◆ Work to be completed
Print the listing below verbatim, passing over each picture.

>>>

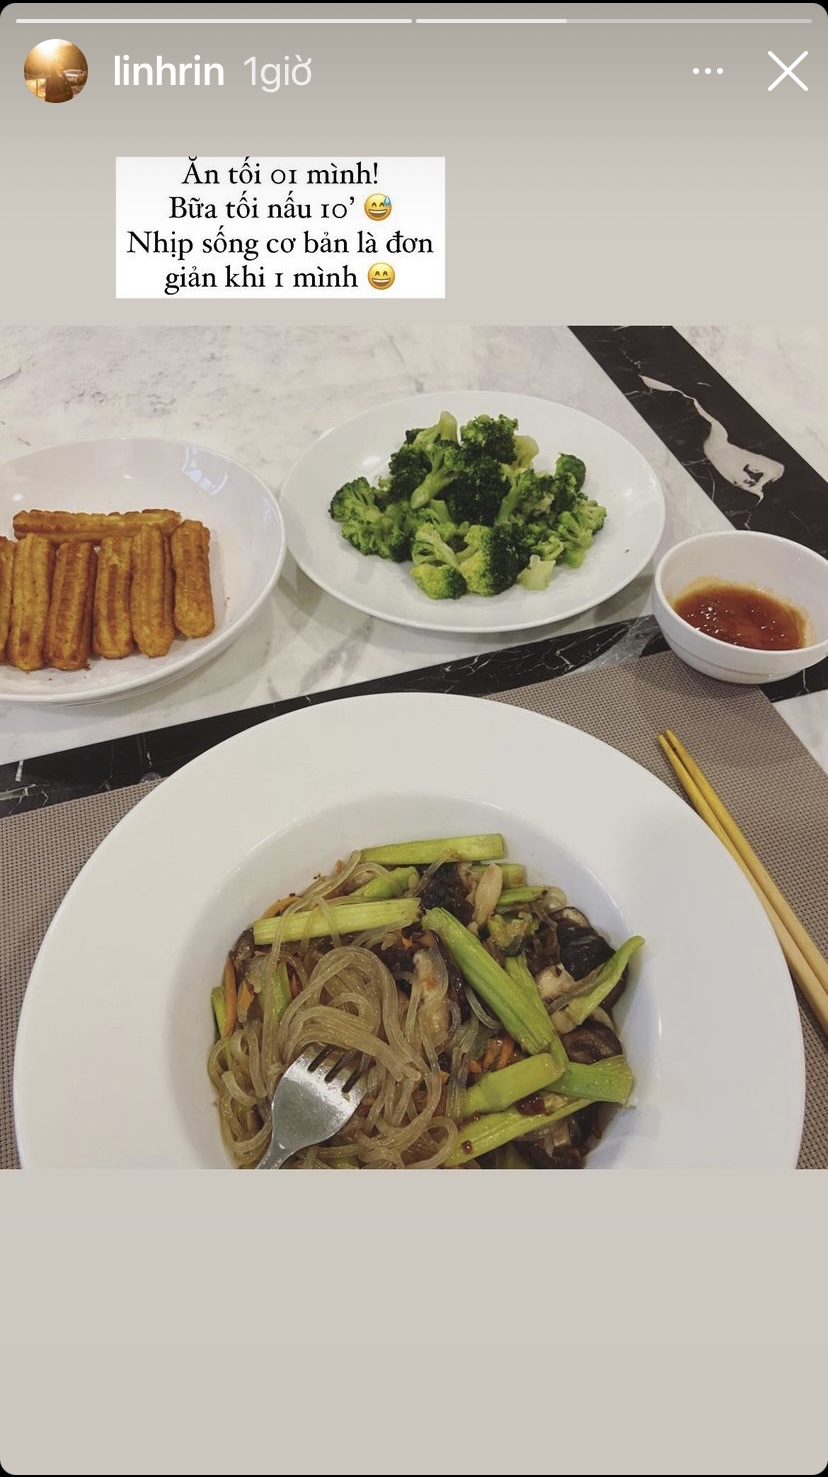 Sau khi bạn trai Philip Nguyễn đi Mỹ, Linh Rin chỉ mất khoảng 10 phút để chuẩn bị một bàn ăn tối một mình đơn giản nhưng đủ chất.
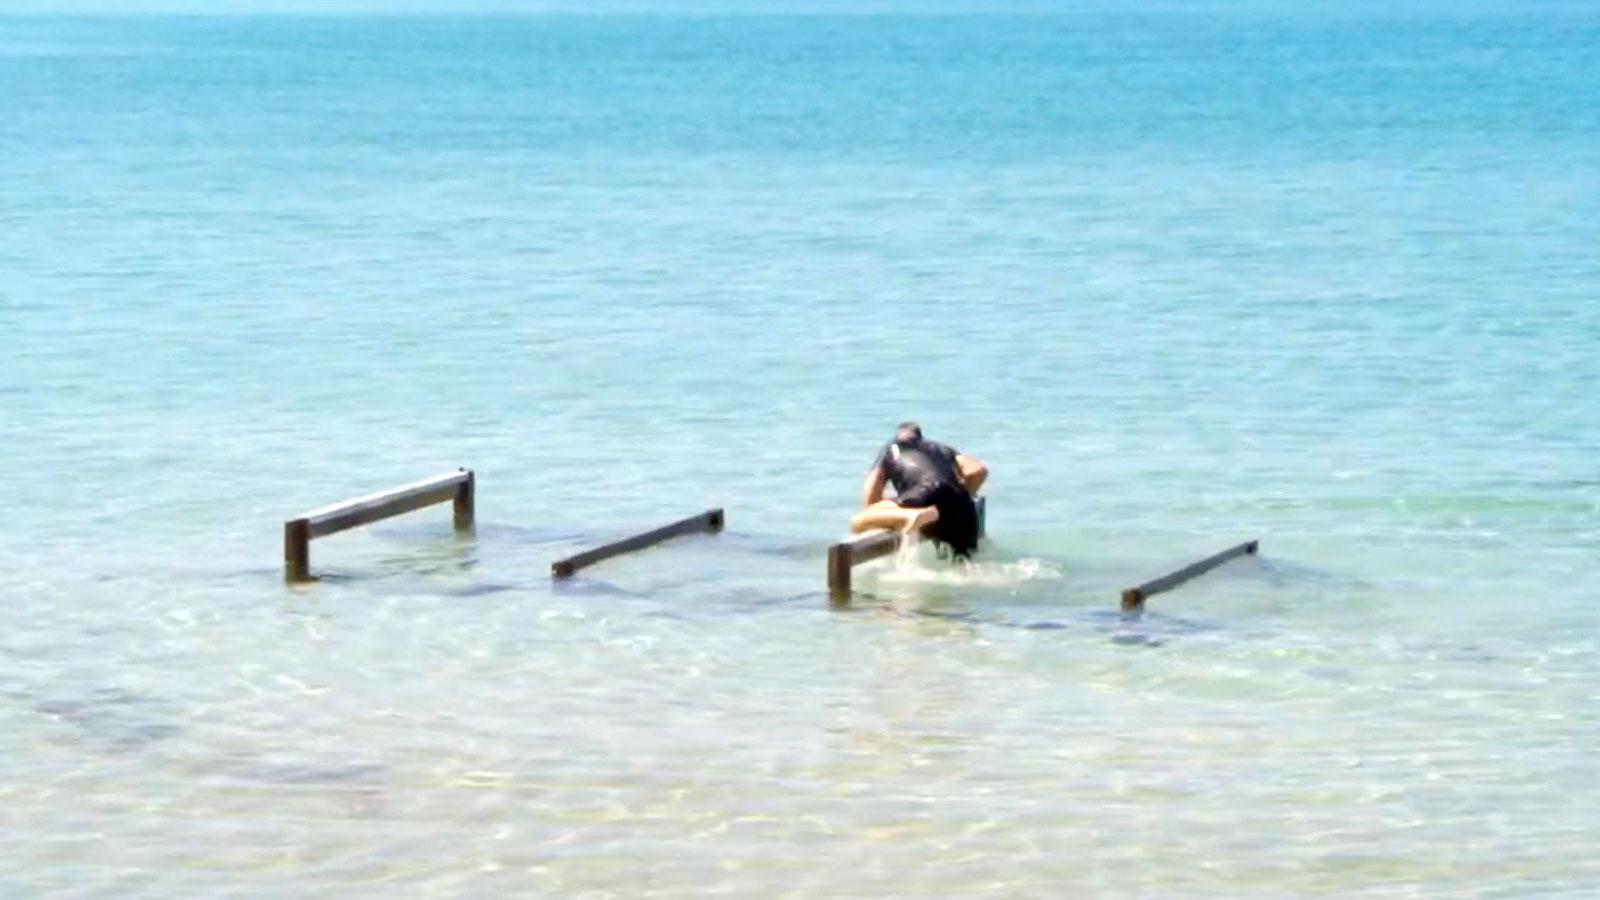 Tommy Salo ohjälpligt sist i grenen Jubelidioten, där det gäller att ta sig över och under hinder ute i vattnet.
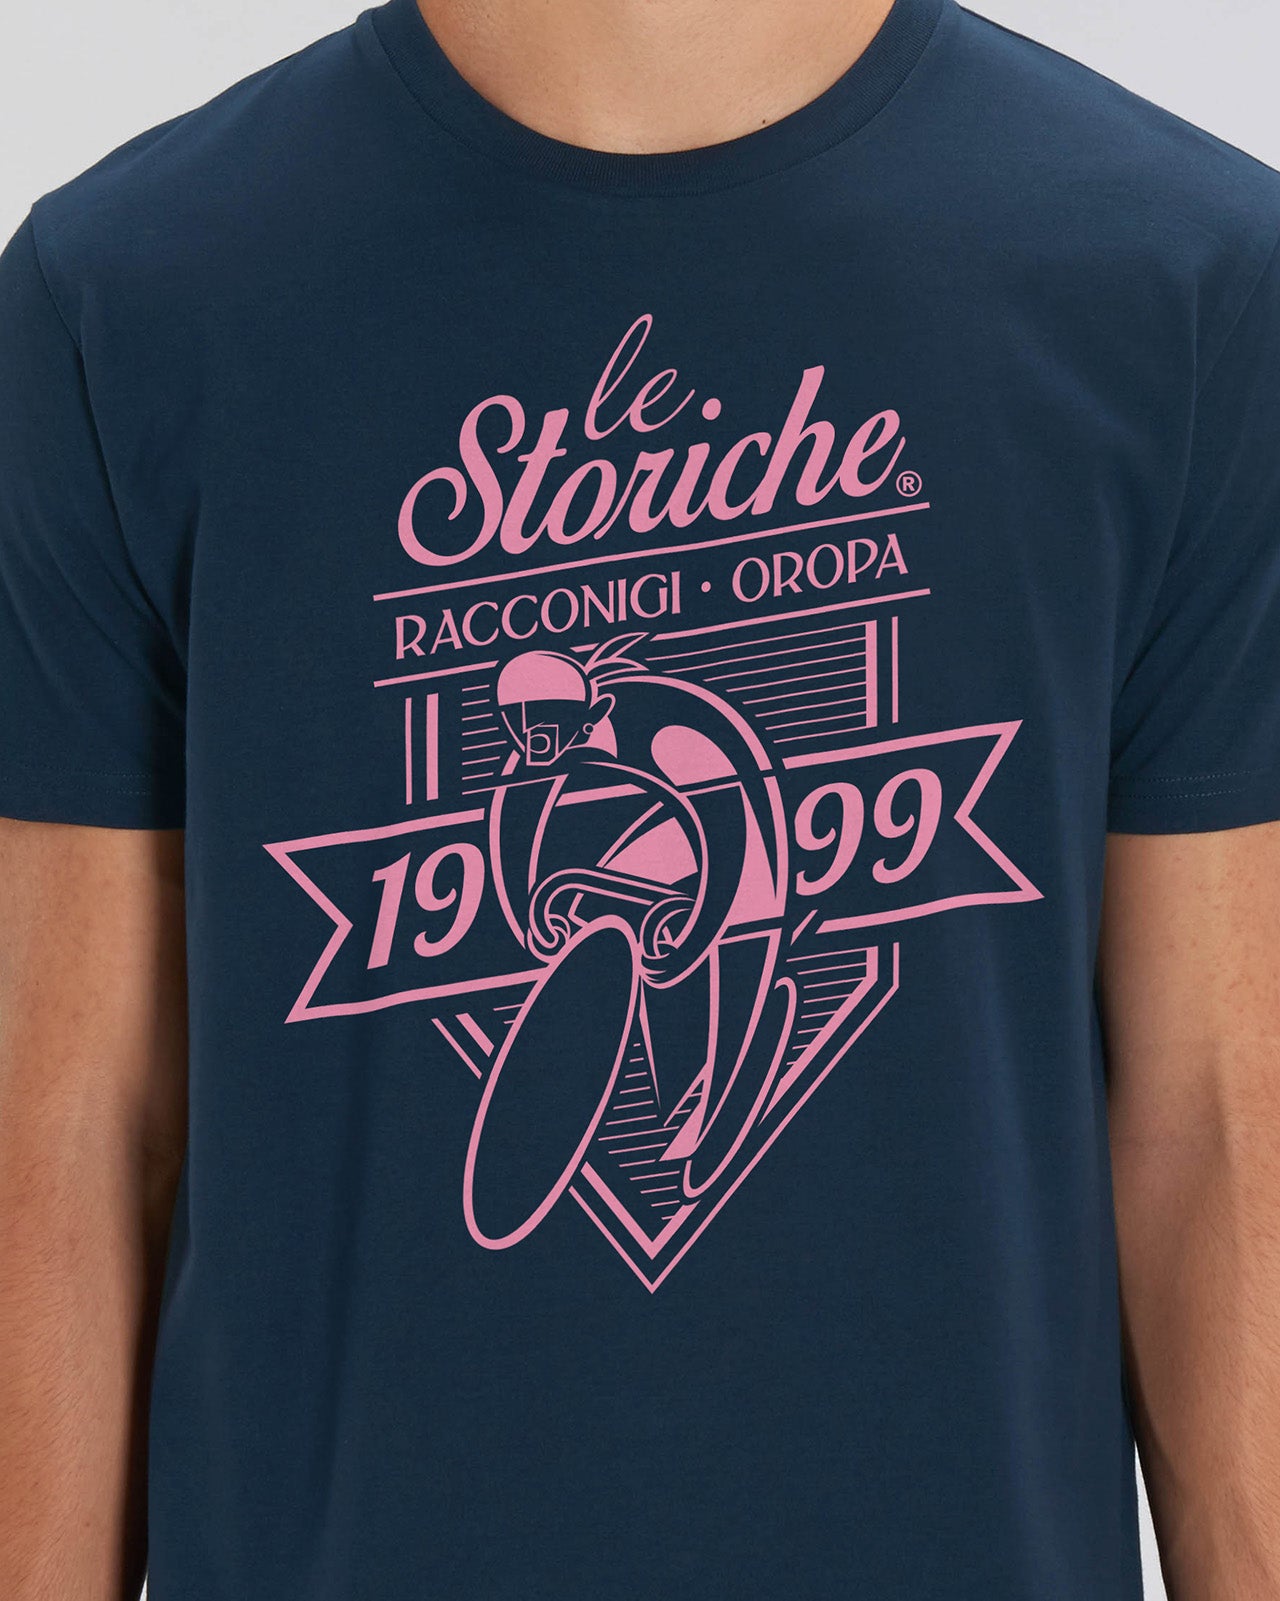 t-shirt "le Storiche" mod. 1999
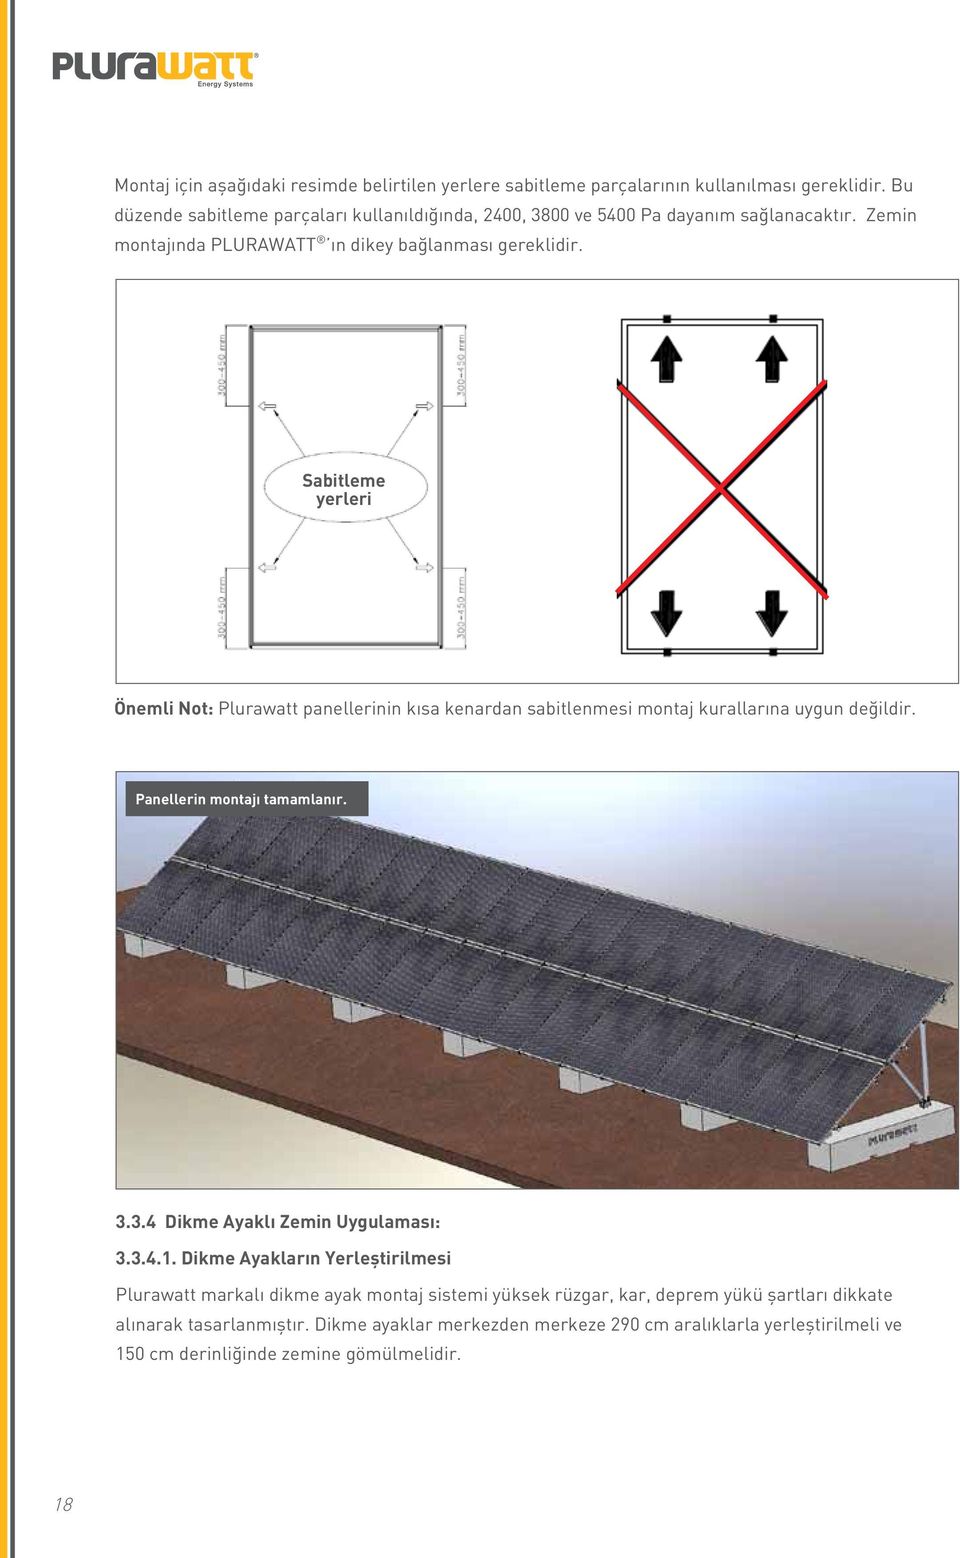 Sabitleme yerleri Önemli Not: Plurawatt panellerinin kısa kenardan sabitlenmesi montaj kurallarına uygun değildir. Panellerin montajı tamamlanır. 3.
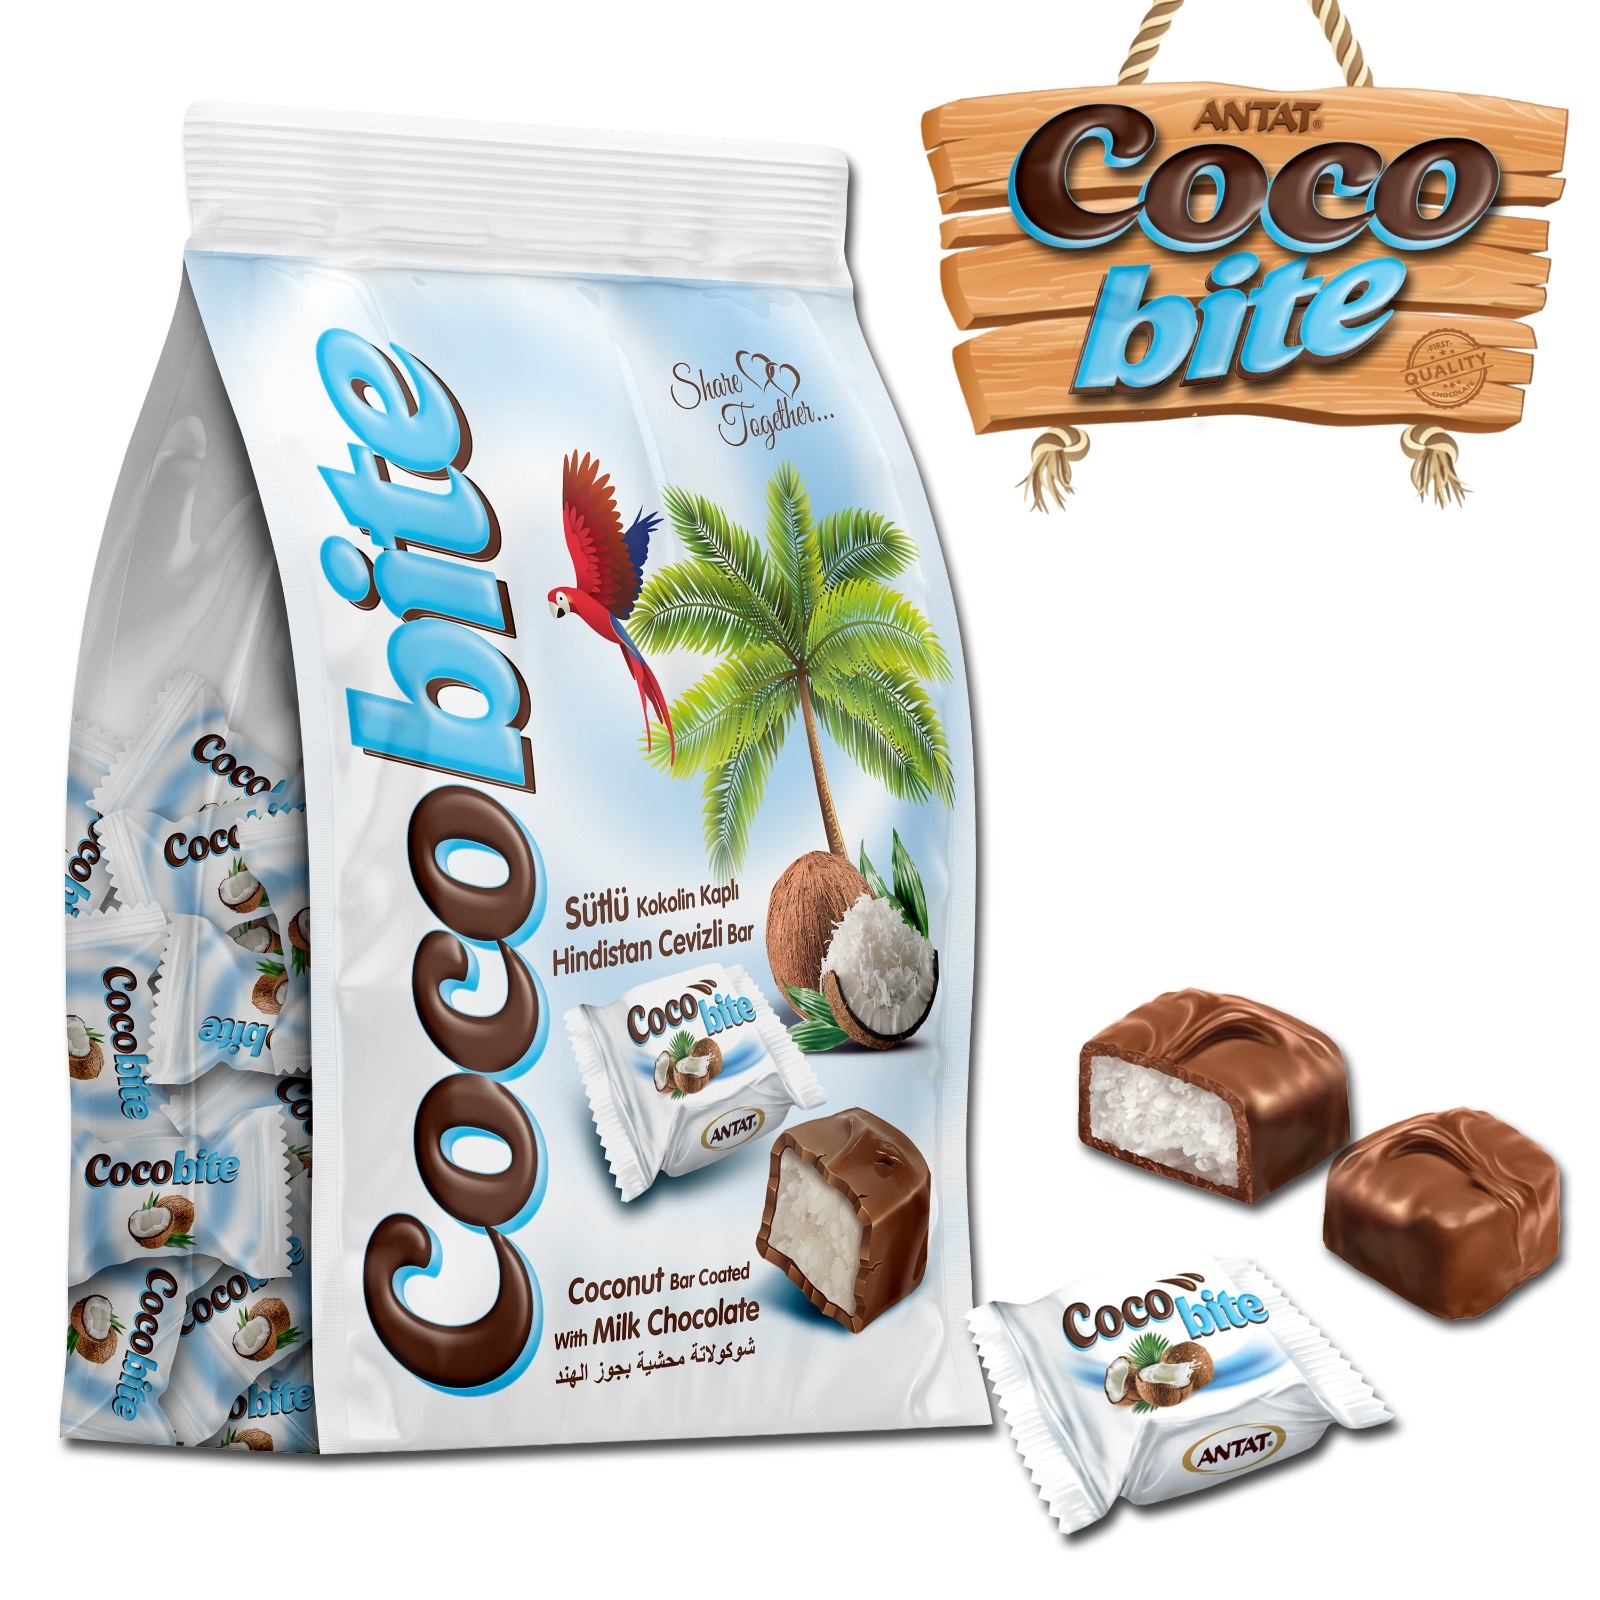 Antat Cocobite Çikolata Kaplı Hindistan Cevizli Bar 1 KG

<<<

◆ Written reply
 Sau khi bạn trai Philip Nguyễn đi Mỹ, Linh Rin chỉ mất khoảng 10 phút để chuẩn bị một bàn ăn tối một mình đơn giản nhưng đủ chất.
 Tommy Salo ohjälpligt sist i grenen Jubelidioten, där det gäller att ta sig över och under hinder ute i vattnet.
 t-shirt "le Storiche" mod. 1999
 Sabitleme yerleri Önemli Not: Plurawatt panellerinin kısa kenardan sabitlenmesi montaj kurallarına uygun değildir. Panellerin montajı tamamlanır. 3.
 Antat Cocobite Çikolata Kaplı Hindistan Cevizli Bar 1 KG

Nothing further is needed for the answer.